Build vs. Buy: An Architect's Guide to Video & WebRTC

Developer coworkers discussing Video and WebRTC
August 02, 2022
Written by
Reviewed by
Paul Kamp
Twilion
Lyssa Test
Twilion

This article is for reference only. We're not onboarding new customers to Programmable Video. Existing customers can continue to use the product until December 5, 2024.


We recommend migrating your application to the API provided by our preferred video partner, Zoom. We've prepared this migration guide to assist you in minimizing any service disruption.

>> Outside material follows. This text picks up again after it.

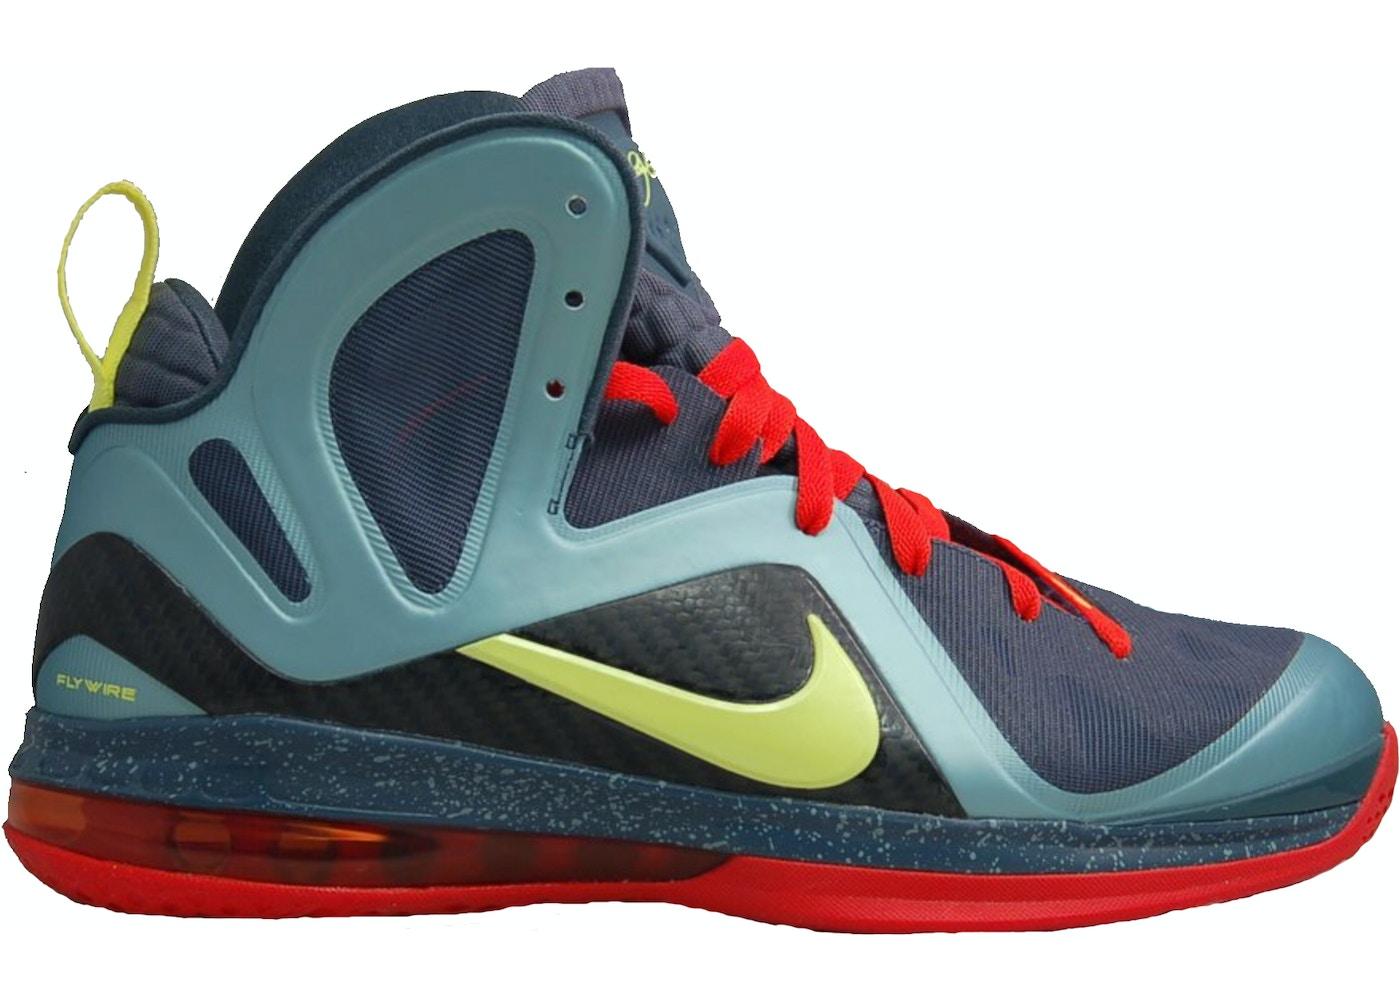 check out 4fb01 abc8e Nike LeBron 9 Shoes - Highest Bid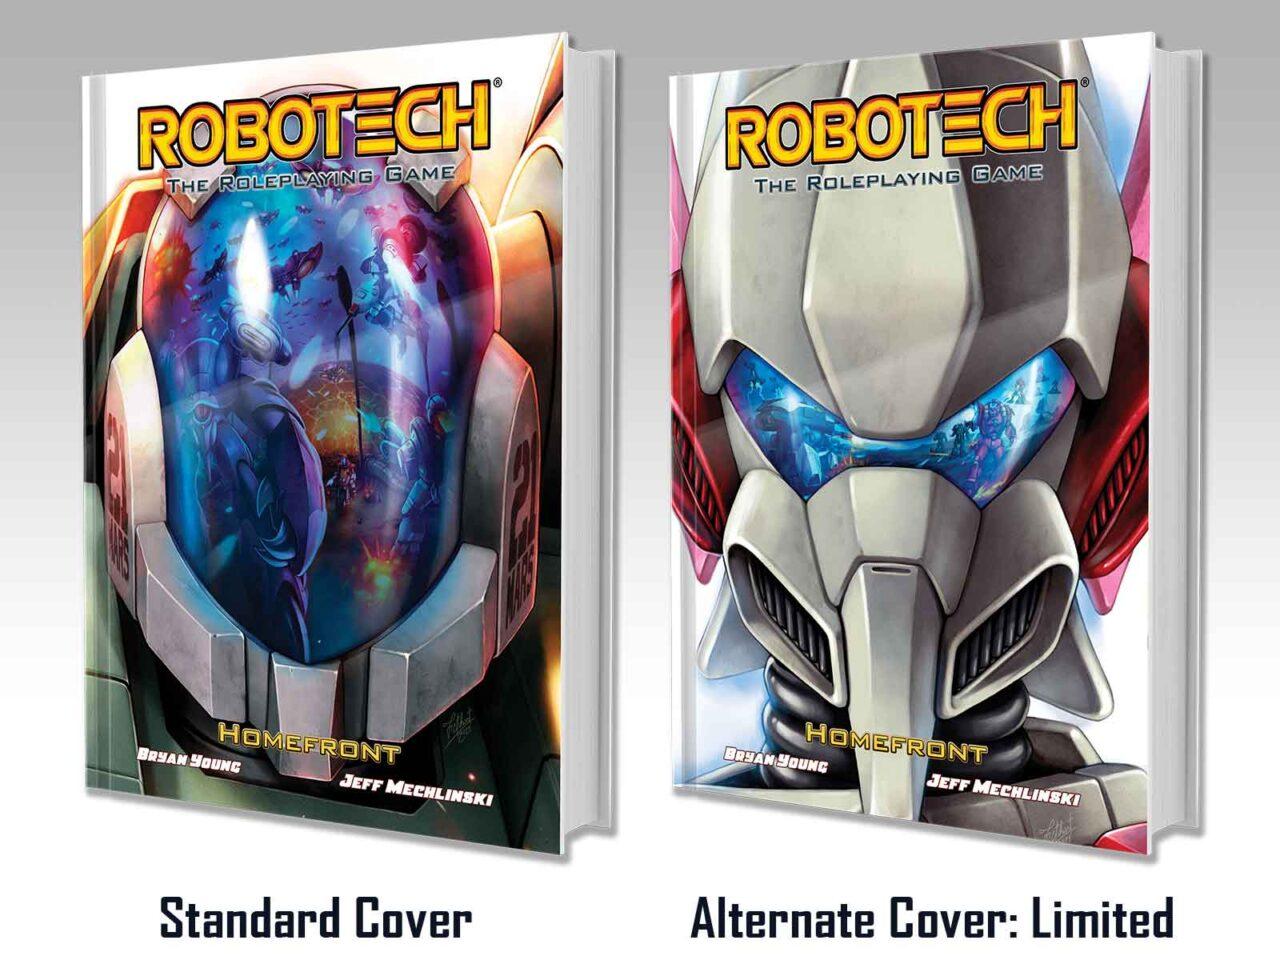 ks-rpg2-Covers-1280x960.jpg

The last few years have dramatically shifted the world of video. While this channel was steadily growing in popularity before 2020, the pandemic accelerated its growth as organizations scrambled to find new ways to bring employees and customers together. In fact, business and video conferencing apps experienced record downloads as people moved online to stay connected during lockdowns.

But even as restrictions ease, video has proved it’s here to stay. Customers now expect virtual, face-to-face interaction with their favorite brands and rely upon video to stay informed, remain connected, and do their jobs.

Behind these shifting customer expectations and boost in adoption is the Web Real-Time Communication (WebRTC) standard. WebRTC lowers the barrier to entry for video, providing teams a standard way to implement impactful video across a wide variety of browsers and platforms. But even with this standardization, implementing WebRTC can be a challenge. In fact, if your business makes poor strategic architectural decisions, you can quickly turn a successful implementation into a nightmare.

In this article, we’ll look at the challenges of implementing WebRTC in your application, the pros and cons of building a custom WebRTC solution versus using a cloud-based API, and how you might solve these challenges using Twilio.

A brief introduction to WebRTC

First introduced in 2011, WebRTC is an open-source project designed to embed audio and video functionality within browsers and mobile applications using a shared set of protocols. It allows peer-to-peer audio and video communication without the need for plugins or native apps. All major browsers support it natively, covering 96% of users, and quite a few major brands use it, like Facebook, Google Hangouts, and Houseparty.

When implementing WebRTC, there are 2 basic choices:

  1. Build and deploy a solution using open-source software (OSS) offerings such as Jitsi or Kurento
  2. Integrate a cloud-based video API such as Twilio

While modern development often leans toward cloud-based solutions, there are still situations where you might choose to build a custom solution. For example, a custom solution might be best if you face regulatory and compliance issues that require maintaining your servers. Or if the fixed operational cost of managing services is a better fit for your business case.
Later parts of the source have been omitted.